DPIAT initial screen

Fig. 3.
figure 3

DPIAT tooltip displaying information about the selected options

The output is a report including the data protection risk profile, assistance in deciding whether to proceed or not, and suggested mitigations. The report contains three sections. The first, “Risk Related to Your Proposed Application”, is based on the answers to the questionnaire and contains the overall data protection impact score and several privacy indicator scores (see Sect. 3.4) namely, risks related to Sensitivity, Compliance, Trans-border Data Flow, Transparency, Data Control, Security, and Data Sharing (see Fig. 4). The second part, “Risk Related to the selected Cloud Provider”, displays the risks based on the security controls used by the CSP (see Sect. 4). It contains the 35 ENISA [16] risk scenarios with their associated scores. The last section contains additional information related to the GDPR article 33. It also explains to the user that DPIA is meant to be an ongoing process and guides the user on the general phases of the assessment. The final decision of whether to proceed with the desired transaction (which triggered the DPIA in the first place) is up to the user or his manager (i.e. an approver in case the result of the DPIA is high risks).

Fig. 4.
figure 4

DPIAT output report - details of first section

The implementation of the server-side application and web-service (Questionnaire Provider) is written in Java. This application provides access to the Questionnaire data and also provides a rules-engine that helps determine the flow of the questionnaire for the client as well as providing further details and information based on the user’s responses to the questions offered. The rules engine is based on the DroolsFootnote 23 library. The client-side application is implemented using HTML5 and JavaScript and utilises a number of open-source libraries to simplify the underlying business logic layer. We use RESTfulFootnote 24 API as a transport layer and JSONFootnote 25 as the data-interchange format.

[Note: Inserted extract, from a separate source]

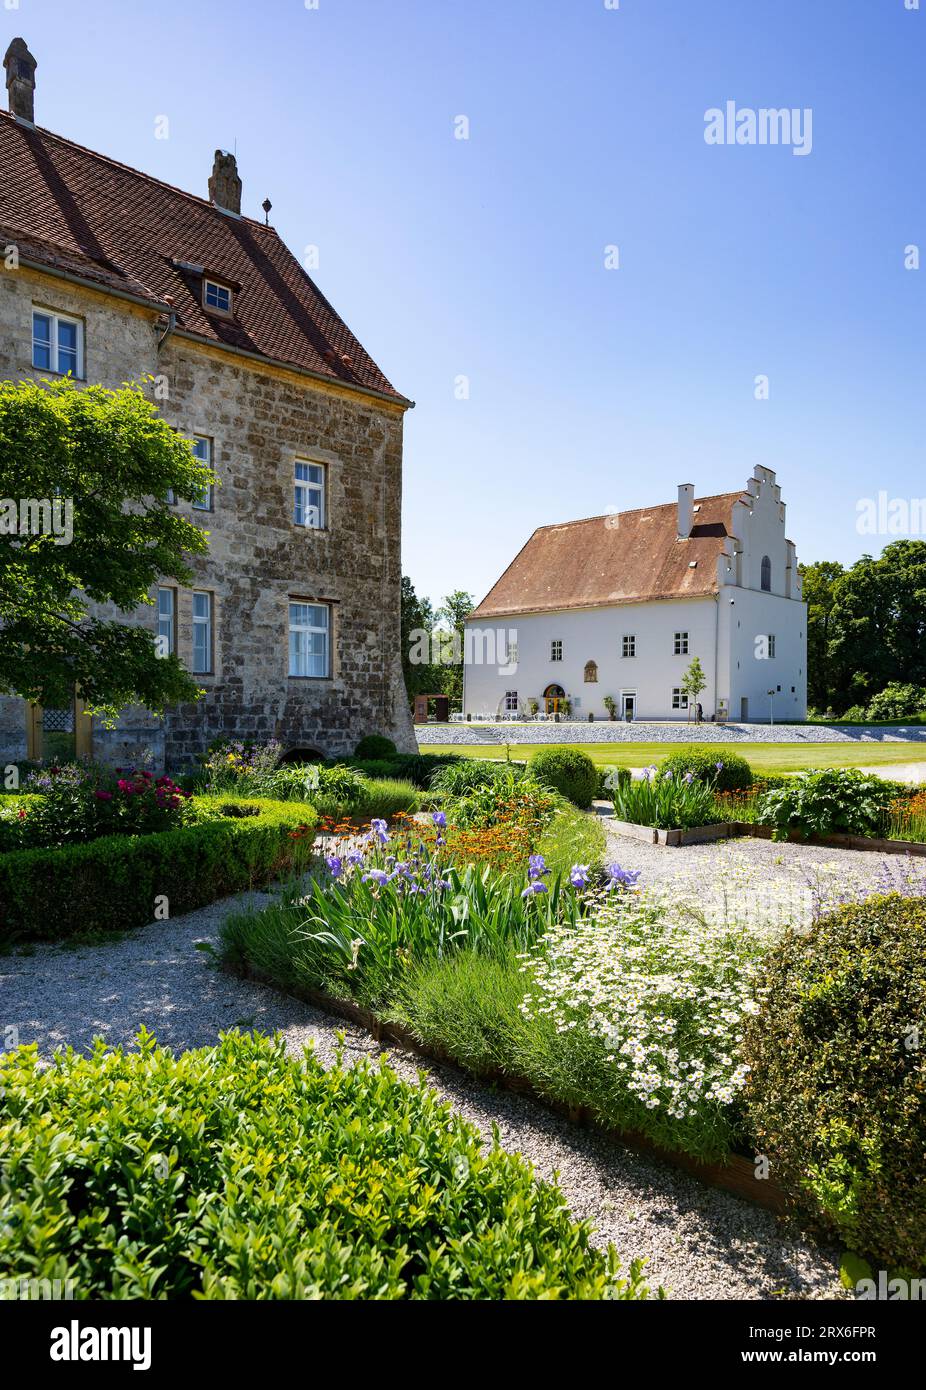 Austria, Upper Austria, Obernberg am Inn, Flowers blooming in garden of Obernberg Castle Stock Photo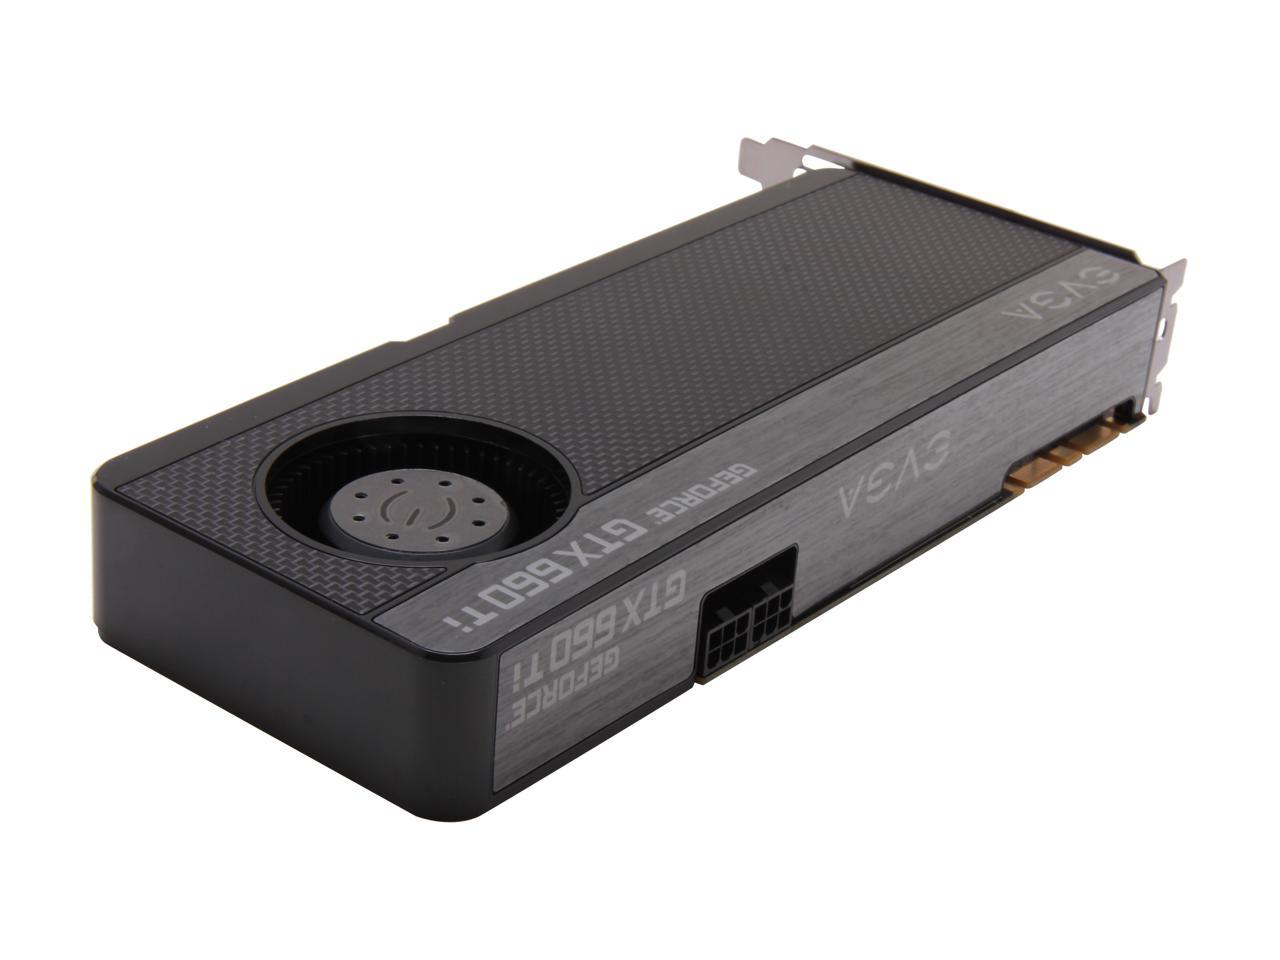 EVGA SuperClocked 02G-P4-3662-KR G-SYNC Support GeForce GTX 660 Ti 2GB 192-bit GDDR5 PCI Express 3.0 x16 HDCP Ready SLI Support Video Card

During the development of the tool, testing on how the user experience should look like was conducted. The tool was presented to several users including partners in HP Privacy Office and the feedback received was incorporated in the final implementation of the tool. Positive feedback was given on the amount of guidance provided for the user in terms of information text for both the questions and the answers. Also, dividing the 50 questions into five stages was considered a good impact on the tool’s usability. Additional testing was carried out with privacy researchers from a variety of interdisciplinary backgrounds, and further changes are planned to the tool in respect of this feedback. In particular, there was a strong perceived need for more explanation about both how the tool derives its recommendations and about how these recommendations should be interpreted and acted upon.

6 Conclusions

We have presented a contemporary Data Protection Impact Assessment methodology focusing on the use of cloud services, supported by a tool that aims at helping users to understand privacy risks of their intended project and help them consider means to mitigate these concerns. The DPIAT is based on existing PIAs, legal sources and specific cloud risk scenarios. It is aimed specifically at SME users that typically have limited knowledge about privacy and data protection and have restricted resources to consult experts in the field, yet will have a legal obligation (once the GDPR comes into effect) to conduct a DPIA. Although the tool does not incorporate advanced intelligence to help the user, we believe that the way we have structured the issues, framed the questions and provide situation specific feedback and a crude likelihood/impact score, actually will help the target audience understand the importance of privacy and data protection in their context and help improve legal compliance.